If the loach doesn't work, does anyone have any recommendations? I'm looking to eradicate them, not just control the population.

Sent from my Pixel XL using Tapatalk


----------



## 2Dogs (Mar 1, 2016)

If your assassin snail recovers I bet that will solve the problem. 

I have assassin snails that completely clear the tanks but then apparently exist on algae (maybe it is not ideal but I know they can survive - I have a tank that has baby assassins emerging).


----------



## Reediculous_nanotank (Jan 12, 2019)

2Dogs said:


> If your assassin snail recovers I bet that will solve the problem.
> 
> I have assassin snails that completely clear the tanks but then apparently exist on algae (maybe it is not ideal but I know they can survive - I have a tank that has baby assassins emerging).

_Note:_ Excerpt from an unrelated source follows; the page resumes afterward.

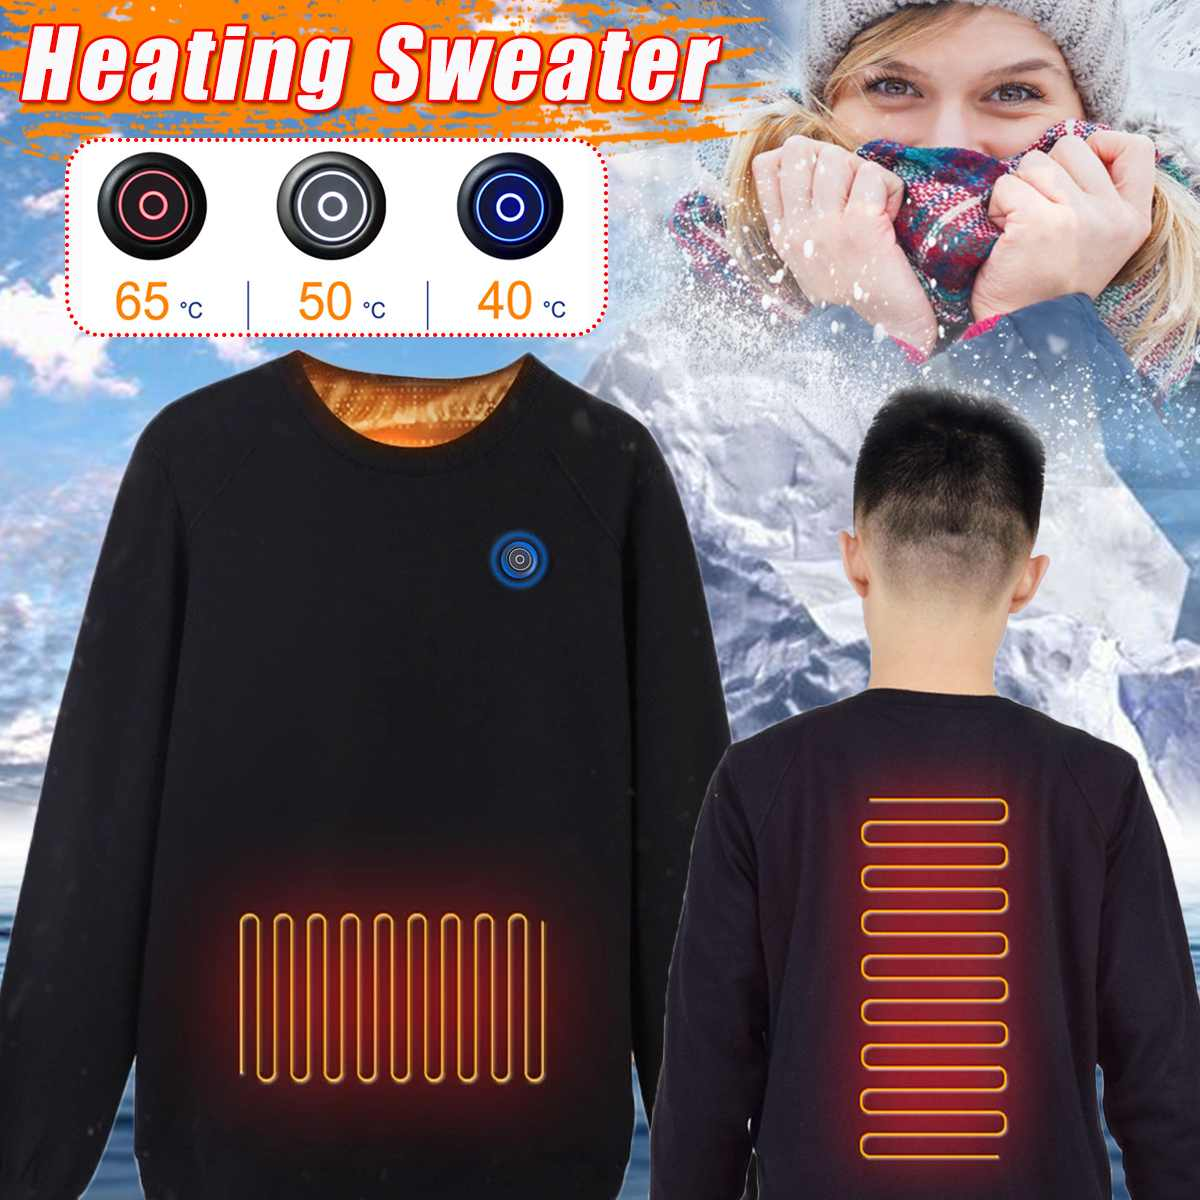 Men Women USB Heating Clothes Winter Electric Heating Sweaters Shirt Carbon Fiber Heated Warm Jacket

Ok, that's good to hear. Thanks for responding! Have you had the type of snail I'm dealing with be eaten by assassins?

Sent from my SM-G960W using Tapatalk


----------



## mistergreen (Mar 3, 2007)

I think your flat snails are freshwater limpets.


----------



## 2Dogs (Mar 1, 2016)

I have had a few different types of snail outbreaks, not sure about your variety in particular tho. I am curious about what you have &#55357;&#56846;

While I am not an authority here I have not seen any snail that an assassin will not eliminate.


----------



## 2Dogs (Mar 1, 2016)

https://www.aquariumcarebasics.com/freshwater-snails/assassin-snail/

What size are your unknown snails? Is your assassin larger than the pest?


----------



## Reediculous_nanotank (Jan 12, 2019)

I've attached pictures, but just to clarify, they have a very flat ramshorn shaped spiraling shell, so they're definitely not limpets.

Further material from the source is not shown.